Sunday, November 4, 2012

Bacon Chicken & Dumplings

Things have been a little hectic since I started classes again, and I haven't really been experimenting the way I was able to over the summer.  I do plan on trying some new things for Thanksgiving, and last night I tried a variation on an old favorite.

I get daily recipe emails from  Sometimes I look at the title of the email and delete it without even reading it, and sometimes I actually save it to read later, or open it right then.  I received an email about a week ago titled "Bacon Chicken and Dumplings," and got around to reading it yesterday.  The approach they took to the recipe was very different from the way I make mine, and I thought it might be possible to incorporate some of the ideas into my recipe, but still do it my way.  The empty pot that almost got licked clean by my kids (and my husband) confirmed my suspicions, but I do have to give credit where credit is due, and the inspiration was the email I received from that website.  If you want to check out their recipe, you might enjoy it, but here is what I did:

Bacon Chicken & Dumplings
1.5 pounds bacon (I used hickory smoked)
2.5 pounds chicken, cubed
1 bag frozen southern hash brown potatoes
1 tsp onion powder (the recipe on the other website used actual onion)
12 cups chicken broth (water + bouillon cubes)
3 tsp poultry seasoning
Salt & pepper to taste
Spicy garlic seasoning to taste (I have a grinder, but you can use garlic powder instead)
2 splashes of lemon juice
1 1/2 cups half and half


4 cups flour
1  tsp baking soda
1  tsp salt
6 tbsp shortening
1 1/2 cups milk
2 tsp pepper

I normally boil my chicken for chicken and dumplings, so this was the first departure. 

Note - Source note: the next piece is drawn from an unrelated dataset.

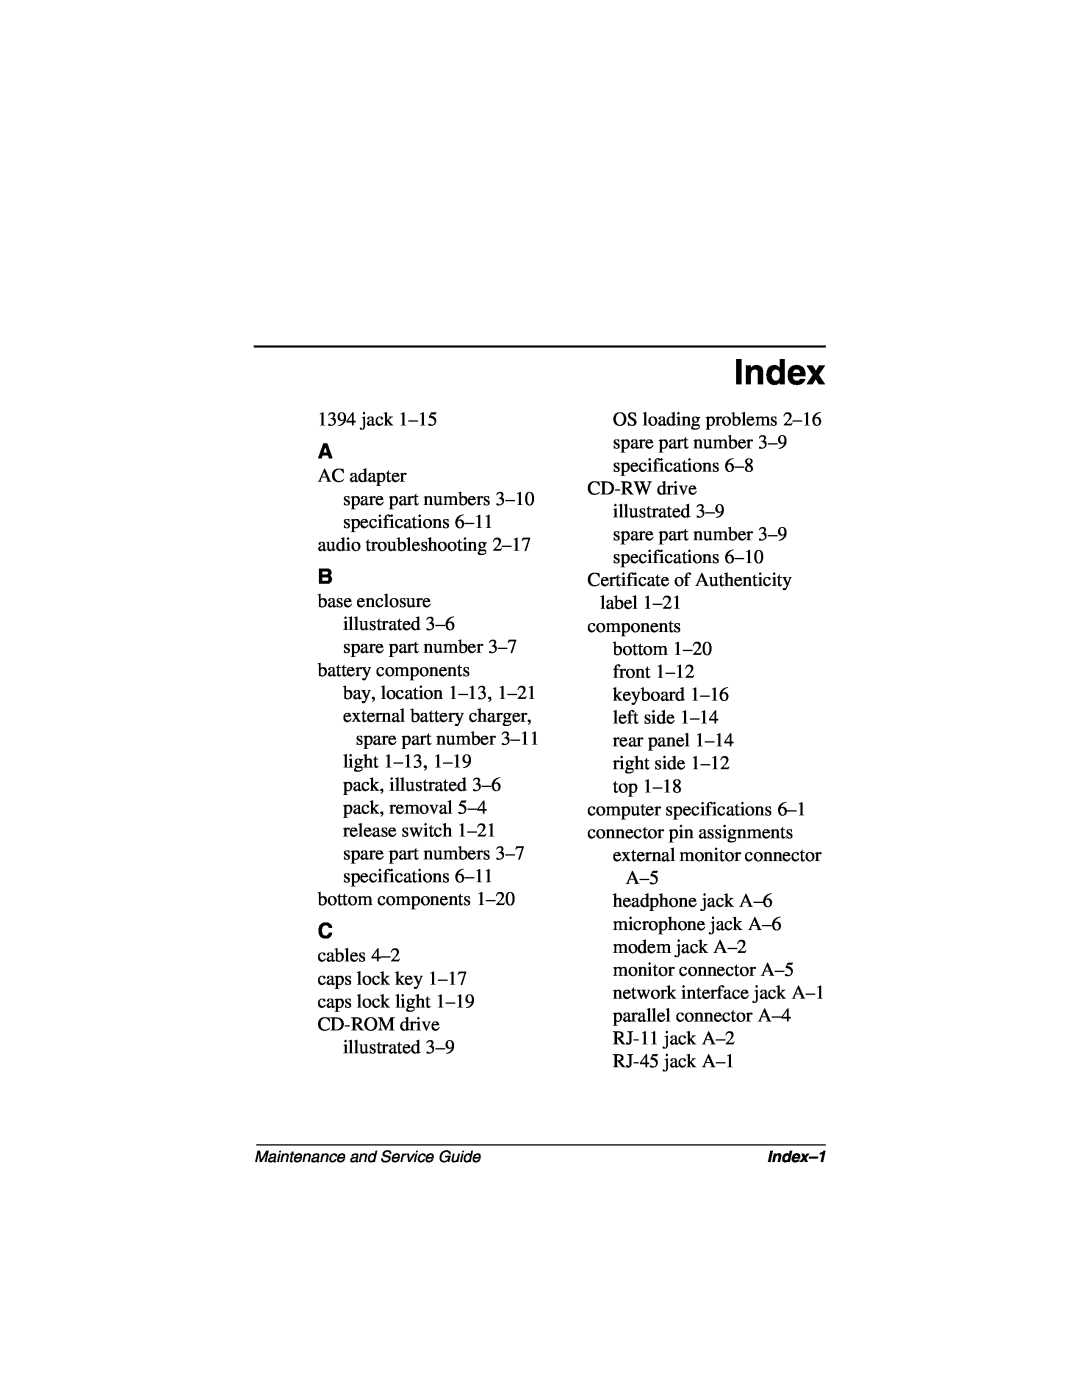 Compaq N160 manual Index

Start with the bacon, and fry it up  to a nice brown color.  Set it to the side as it finishes (leave it for now), and drain almost all of the grease afterwards.  Make sure to keep the drippings!

While cooking the bacon, put the water, bouillon cubes, and the rest of the poultry seasoning into your big silver stock pot and start heating it up (once it boils, turn it down to a simmer).  If you have additional down time in between adding uncooked bacon to the pan and turning the bacon over, prepare your dumpling mixture. 

Dumplings: Mix your flour, soda, and salt and pepper together.  Once the dry ingredients are mixed, cut the shortening in (I use a fork and just make it crumble nicely).  Add your milk and mix.  If you have time before you start your chicken, potatoes and such, go ahead and roll out your dough and slice it into dumpling strips. If you don't have time, you can do it after you add the bacon and cream while your dinner simmers.

Note on the dumplings:  I had to use my hands to finish mixing the dough, and it was a little stickier than my other dumplings, mostly because for my other kind of chicken and dumplings I use a triple batch of dough, and I had to change the mixture since the additional bacon changed how it all went together.  It still worked just fine, and was plenty tasty enough. 

Cook the diced chicken in the bacon drippings and the teensy bit of grease that was left in the pan (hopefully less than a tsp worth of the grease after you drain).  Add the onion powder and about 1 1/2 tsp of the poultry seasoning to the chicken as it cooks.  Once the chicken is mostly cooked through, dump everything from the pan into your large silver stock pot.  Immediately put the potatoes in the already hot frying pan.  When they are lightly browned, added them to the stock pot as well.

Crumbled the bacon and add it to the pot.  Add the half and half.  Bring it back up to boil if the half and half cools the contents too much, then turn it back down, since it should be simmering at about medium low for as much of the process as possible (everything except your initial boil if you can manage it).  Make sure you are happy with the seasoning, and add whatever salt, pepper, garlic, etc. that you need if you aren't.  I used a couple of splashes of lemon juice after I tasted mine at this point in the cooking, just to take a little of the edge off.  I usually use more with my other recipe, but the bacon adds so much to the flavor of this, I didn't want to use too much.  You can even do without if you prefer.  Once you have your seasonings just right, start adding your dumplings. 

If you need to roll out your dumplings and slice them into strips, now is the time.  Once they are ready, feed them into the simmering pot, stirring occasionally so they don't stick together. 

Simmer for 10 minutes, uncovered, and make sure to stir frequently so it does not burn to the bottom of your pot.  Serve a yummy dinner!  If you have any questions, let me know. I'll be happy to answer any that you have.